(RECORDS SUPPLIED Opens)

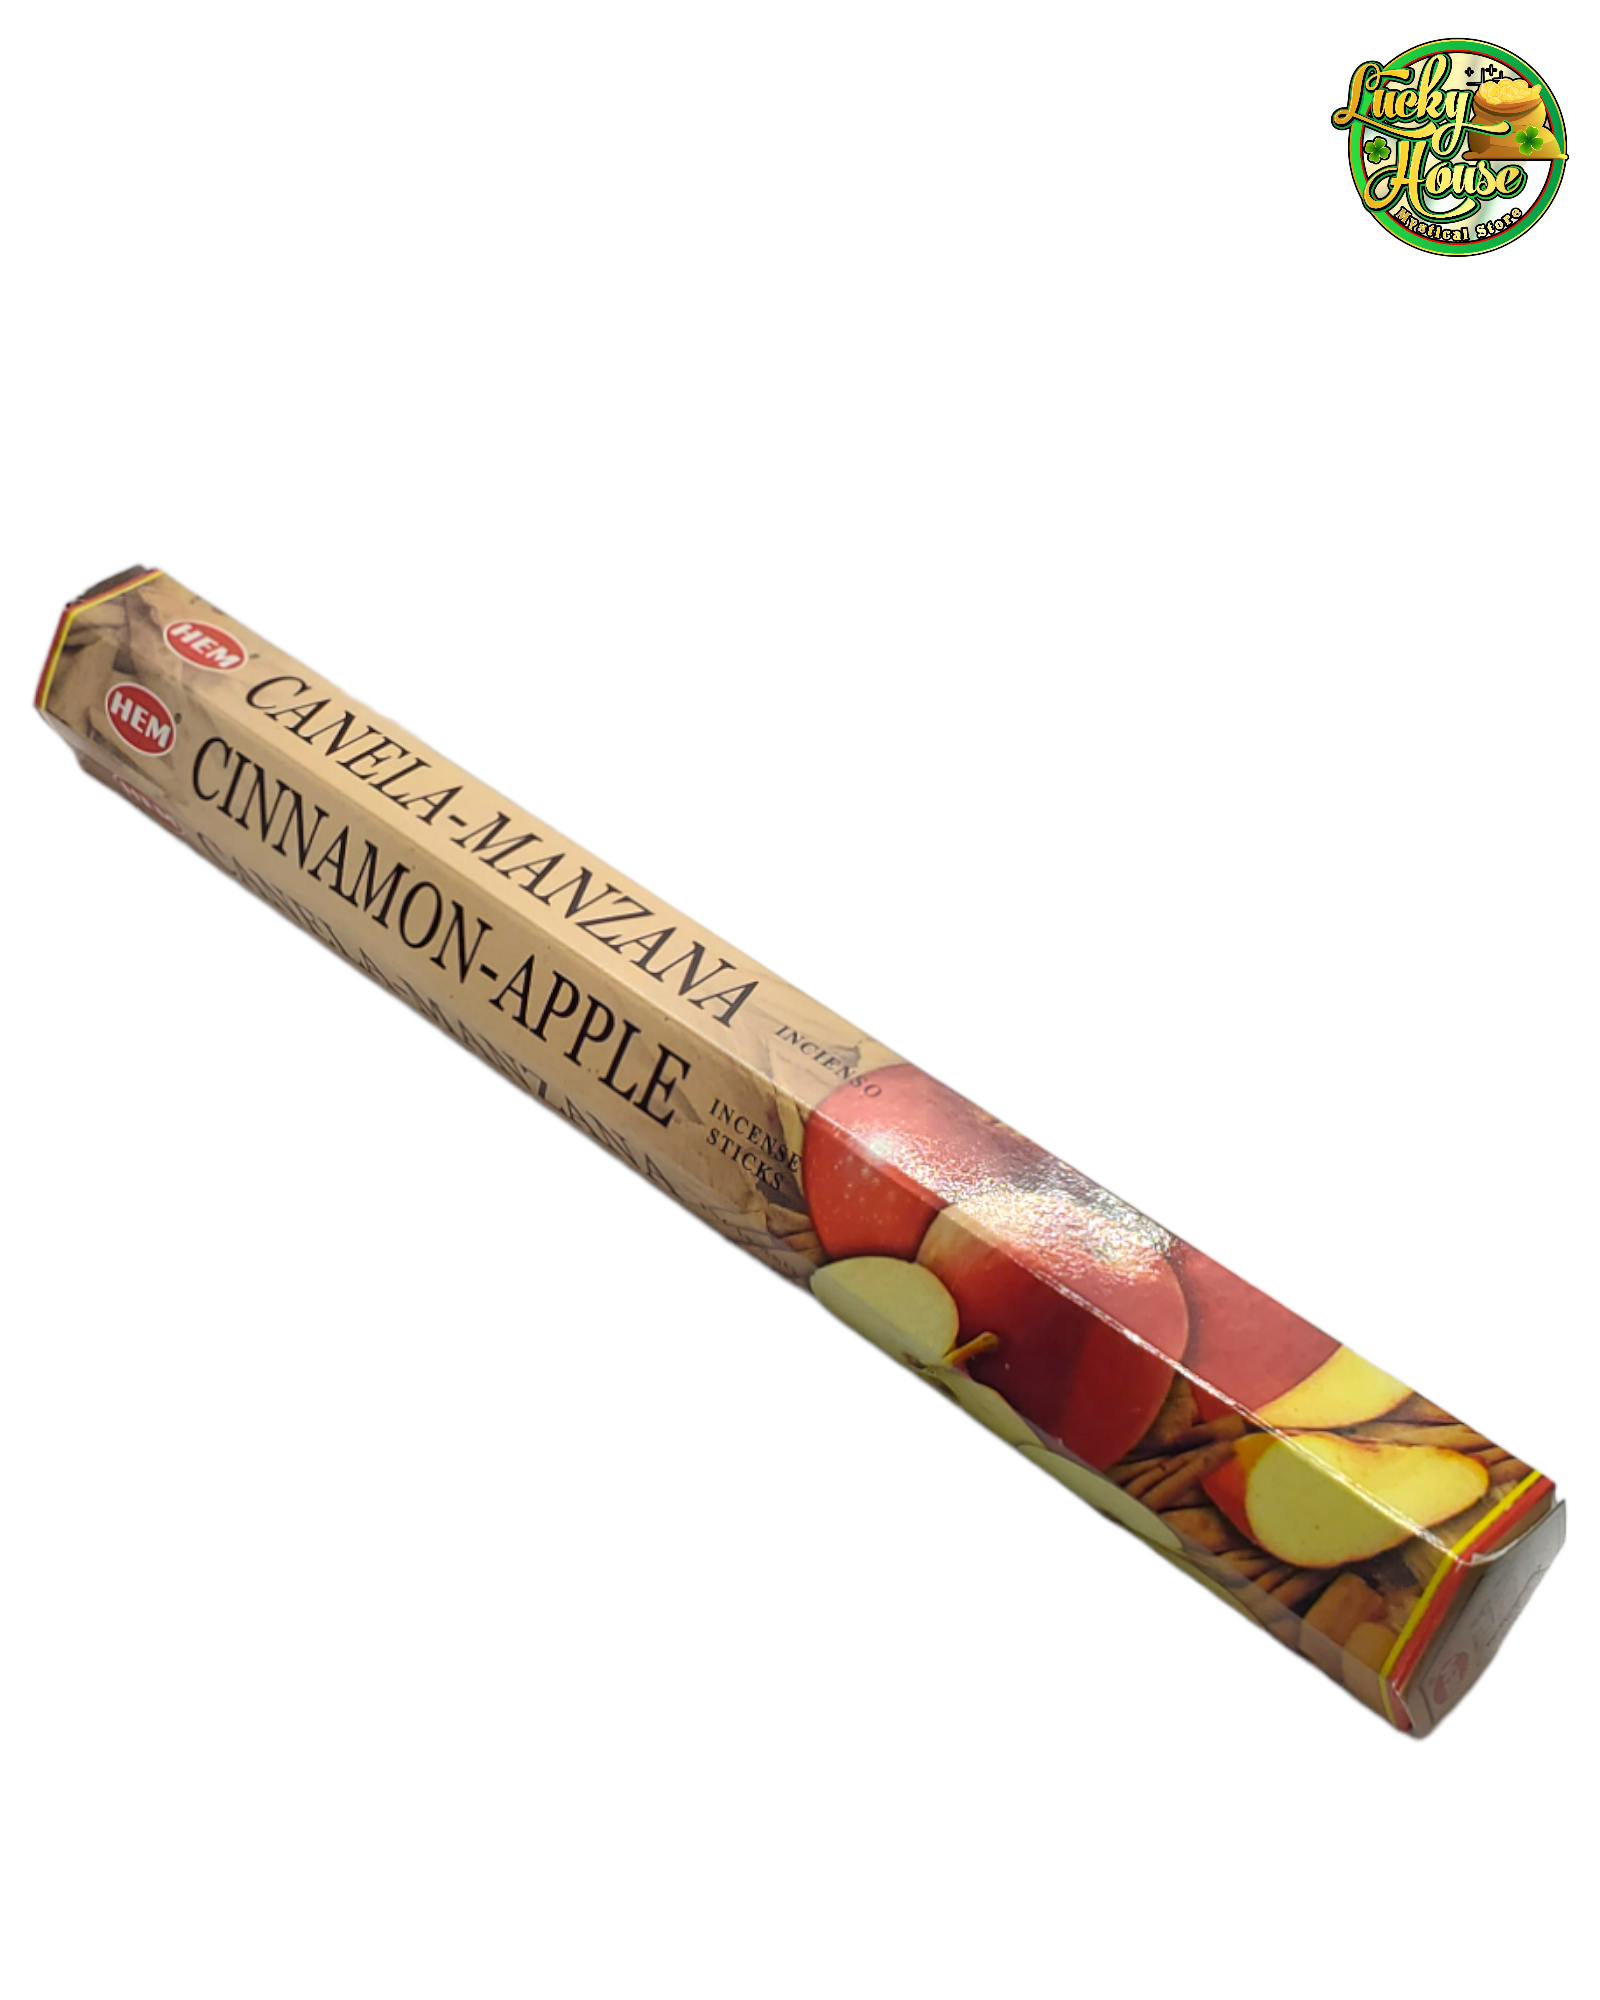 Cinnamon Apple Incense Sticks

(RECORDS SUPPLIED Closes)
(RECORDS SUPPLIED Opens)

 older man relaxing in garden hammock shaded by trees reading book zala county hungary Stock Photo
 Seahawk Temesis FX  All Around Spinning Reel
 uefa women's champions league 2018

(RECORDS SUPPLIED Closes)

WORK REQUEST:
Output the lines above between the one holding "older man relaxing" and the one holding "uefa women's champions league 2018", inclusive, with nothing before or after them.

RESPONSE BOX:
 older man relaxing in garden hammock shaded by trees reading book zala county hungary Stock Photo
 Seahawk Temesis FX  All Around Spinning Reel
 uefa women's champions league 2018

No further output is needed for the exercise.